Nodes actually look like this ( # is a place holder for value, and I’ll use different brackets to help with visualization):

blah_name = Node [ # , {#, (#, None) } ]

The head node contains all the nodes in it’s 2nd argument. So when :

current_node = current_node.get_next_node()

gets the None value, does that equate to false, thus stopping the while loop? But the if statement is checking for the None. Can someone try to break it down for me what the while loop is doing in this scenario?

I think the next lesson gave me a clue!

Traverse the list until current_node.get_next_node().get_value() is the value_to_remove .

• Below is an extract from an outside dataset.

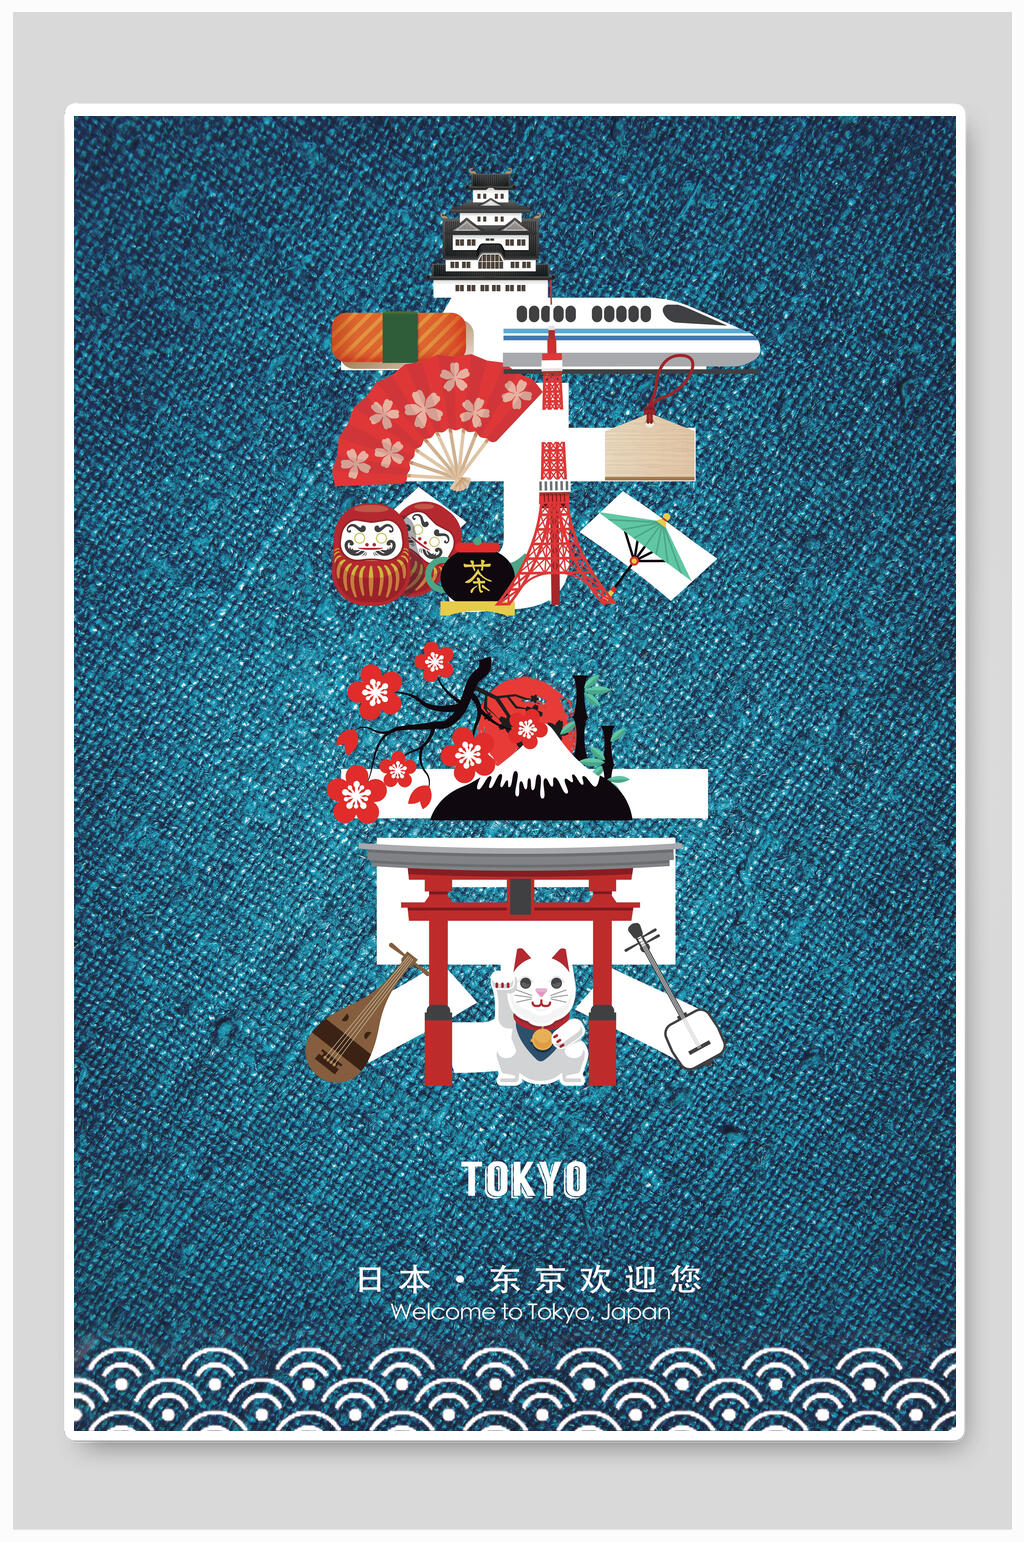 和风简约日本东京旅游海报素材

(Just like with stringify_list you can traverse the list using a while loop that checks whether current_node exists.)

It would still be nice to get a more detailed explanation of what while does through each check, especially at the end.

So this is what I’m working with currently:

 def stringify_list(self):
    node_v = []
    nxt = self.head_node.get_next_node()
    node_v.append(str(self.head_node.get_value()))
    
    while nxt != None:
      node_v.append(str(nxt.get_value()))
      nxt = nxt.get_next_node()
      
    node_v = [n + "\n" for n in node_v]  
    
    return node_v

but every way I’ve tried, I can’t get the the list items to print on separate lines. I keep getting

['90\n', '5675\n', '70\n', '5\n']

I also get the following message at the bottom of the workspace:

'list' object has no attribute 'split'

I get this message wit or without an attempt to print on separate lines.
Any advice?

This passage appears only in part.